Reproduce the data exactly as it stands.

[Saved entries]
————
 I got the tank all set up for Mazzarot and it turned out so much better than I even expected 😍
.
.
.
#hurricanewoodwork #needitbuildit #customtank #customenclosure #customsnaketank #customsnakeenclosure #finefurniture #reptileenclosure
————
* [Reply]:
 I got the tank all set up for Mazzarot and it turned out so much better than I even expected 😍
.
.
.
#hurricanewoodwork #needitbuildit #customtank #customenclosure #customsnaketank #customsnakeenclosure #finefurniture #reptileenclosure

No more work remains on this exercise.